Football Map: Imperialism


Football Imperialism Map is a popular community-driven game where football teams "battle" for land. While it is most famous in college football (CFB), variations now exist for the NFL, MLS, and European soccer leagues like the Premier League. How the Map Works

The game treats every match as a conquest for territory. It generally follows a "winner-takes-all" rule for land.

The global map of football today is a living historical record of 19th and 20th-century imperialism. Far from being a neutral "universal language," the sport’s initial spread was a deliberate tool of colonial administration used by European powers—most notably the British Empire—to instill western values of discipline, order, and "civilizing" masculinity in colonial subjects. The Colonial Origins of the Football Map

The diffusion of football followed the logistical and economic pathways of empire.

British "Missionaries": British engineers, soldiers, and sailors introduced the game at port cities and railway construction sites across South America, Africa, and the Middle East.

Administrative Control: In colonies like Egypt, Iraq, and Palestine, British administrators promoted football through education systems to "discipline" indigenous bodies and shape them into reliable workers or soldiers.
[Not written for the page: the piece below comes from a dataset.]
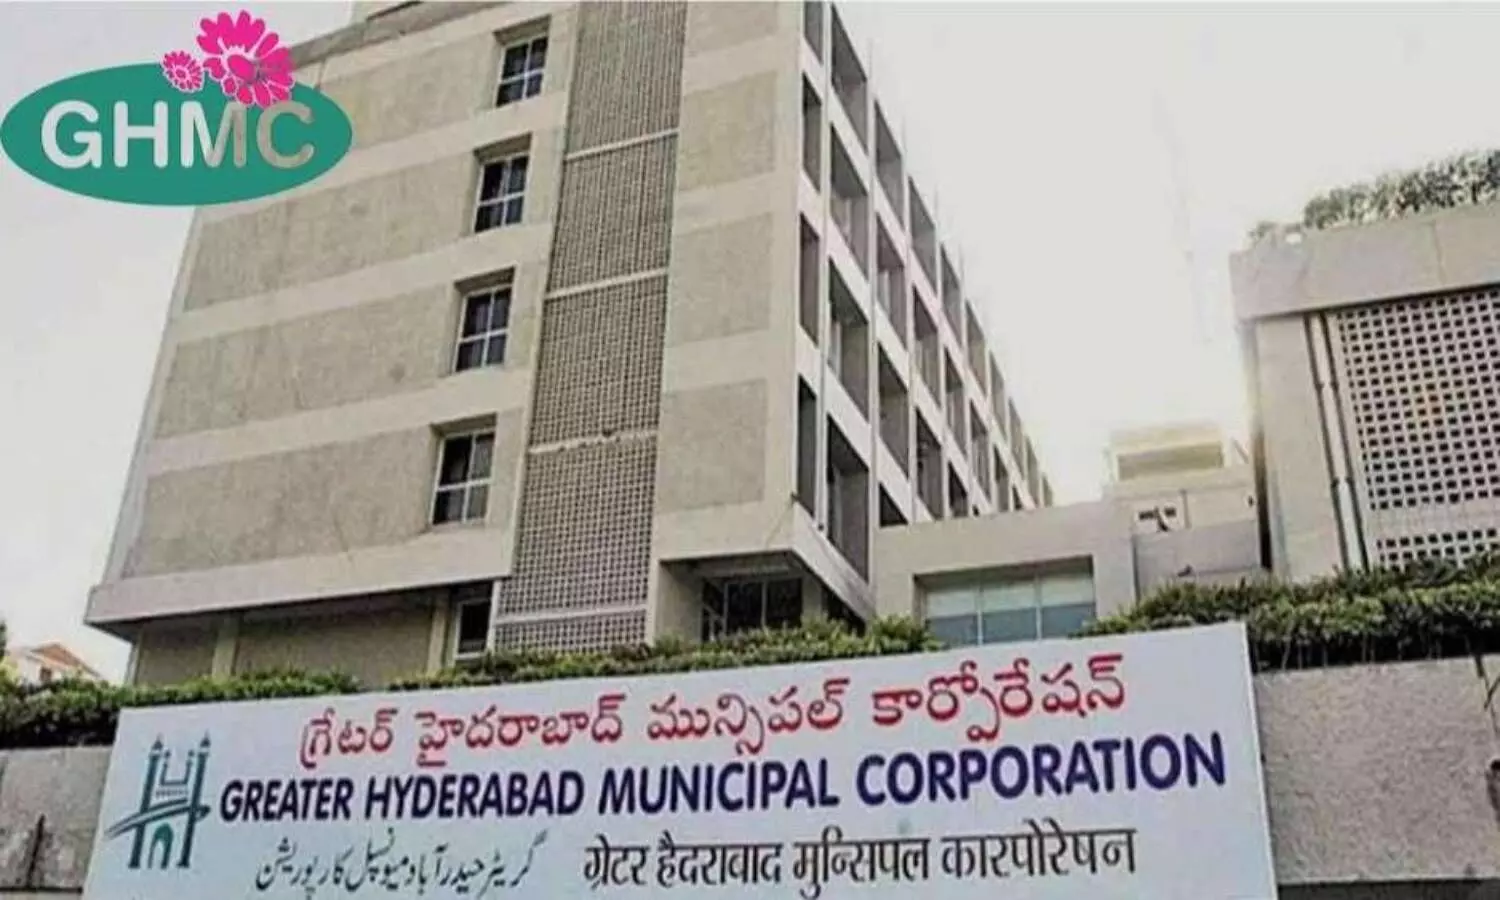 GHMC mayoral elections scheduled for 11 February

Informal Empire: In regions not formally colonized, such as Argentina, British "informal empire"—driven by commercial and industrial investment—established the clubs that formed the bedrock of the local game. From Colonial Tool to National Resistance imperialism football map

While intended as an instrument of control, football was rapidly appropriated by colonized populations as a medium for nationalist expression and resistance.

Subversive Appropriation: Matches often became social spaces where indigenous people could express identity and even protest against colonial rule.
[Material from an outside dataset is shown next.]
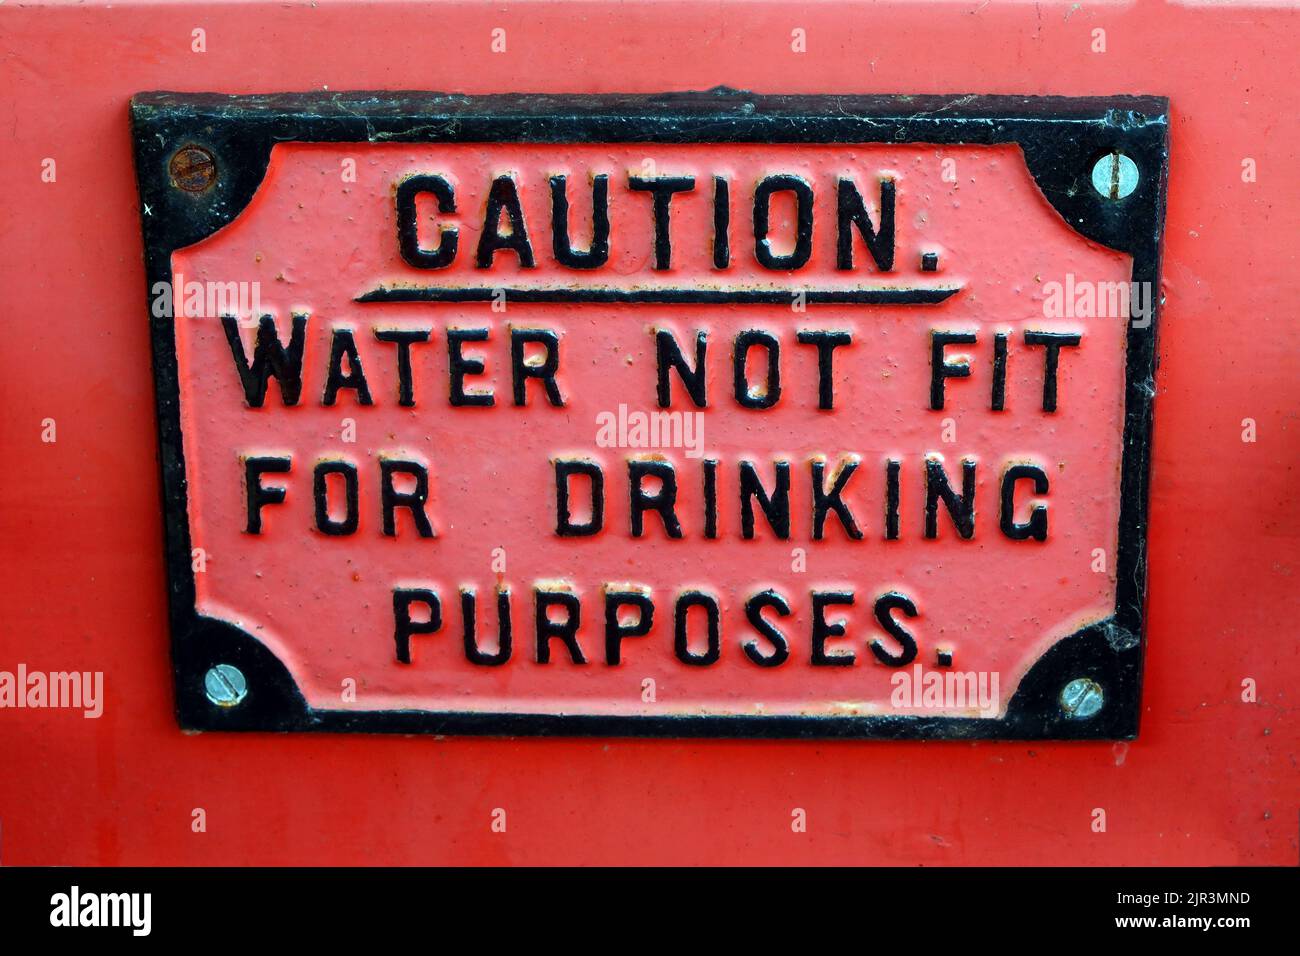 Warning sign, caution, Water not fit for drinking purposes, in iron, painted red Stock Photo

Independence Movements: In the post-World War II era, newly independent nations used football to assert their status on the global stage, turning the former colonizer's game into a symbol of sovereign pride.

The map is a perfect mirror of the modern football economy. In the 1970s and 80s, English football had a half-dozen title contenders. The Imperialism Map would have looked like the fractured Holy Roman Empire.

Not anymore.

The late 2010s and early 2020s produced the most dominant "empires" in English football history. Under Jürgen Klopp and Pep Guardiola, Liverpool and Manchester City engaged in a cold war for territorial supremacy. Football Imperialism Map is a popular community-driven game

This is the fantasy of the map: total victory. It is the only metric where a 1-0 win away at Burnley is as valuable as a Champions League final, because both results yield land.

North and Central America and the Caribbean fall under CONCACAF. While the “C” stands for Caribbean, the empire here is not British or French (though those legacies remain in Jamaica, Trinidad, Haiti, and the French overseas departments of Martinique and Guadeloupe). The dominant imperial force in CONCACAF is the United States.

Since the 1990s, U.S. corporate and political power has reshaped the region’s football map. Gold Cup tournaments are held in U.S. stadiums with massive diaspora crowds. MLS clubs have become development hubs for Central American and Caribbean players. The USSF effectively controls the region’s commercial revenue. Mexico, a football giant, chafes under this arrangement, but remains bound by geography and economics. The map shows a clear empire: the United States is Rome, and CONCACAF is its provincial league.

[IMPERIALISM FOOTBALL MAP – 1920 view]

British Empire (Red) ● Mohun Bagan (Calcutta, 1889) – "First all-Indian club to beat British team" ● Hearts of Oak (Accra, 1911) – "Founded by Gold Coast natives under British rule"

French Empire (Blue) ● Stade Malien (Bamako, 1960) – "Malian club, former French Sudan"

Portuguese Empire (Green) ● Ferroviário Nampula (Mozambique, 1924) – "Railway workers under Portuguese rule" This is the fantasy of the map: total victory

Click on any marker → "This club’s style was influenced by…"


The Asian Football Confederation (AFC) covers a vast area from Japan to Palestine. Here, the imperialism football map is drawn with two pens: the British and the French Mandates after the collapse of the Ottoman Empire. The national teams of Iraq, Jordan, Lebanon, Syria, and Palestine all play under AFC, but their football infrastructure—leagues, coaching certifications, and even referee systems—were originally modeled on British or French systems.

Israel, expelled from AFC in 1974 due to political conflicts, is a bizarre artifact of imperial migration: founded by European Jews, its football style was Central European, but its geographical location is Asian—yet it now competes in UEFA, a testament to how football’s map is redrawn by geopolitics, not geography.

Perhaps the strangest case is Australia. Geographically in Oceania, Australia grew tired of crushing tiny island nations (American Samoa 31–0) with no direct World Cup path. So in 2006, it left the OFC and joined the Asian confederation (AFC)—a move of “football imperialism” by a former British colony seeking better competition and commercial revenue. It was a rare case of a nation voluntarily changing its football continent, breaking the old imperial map.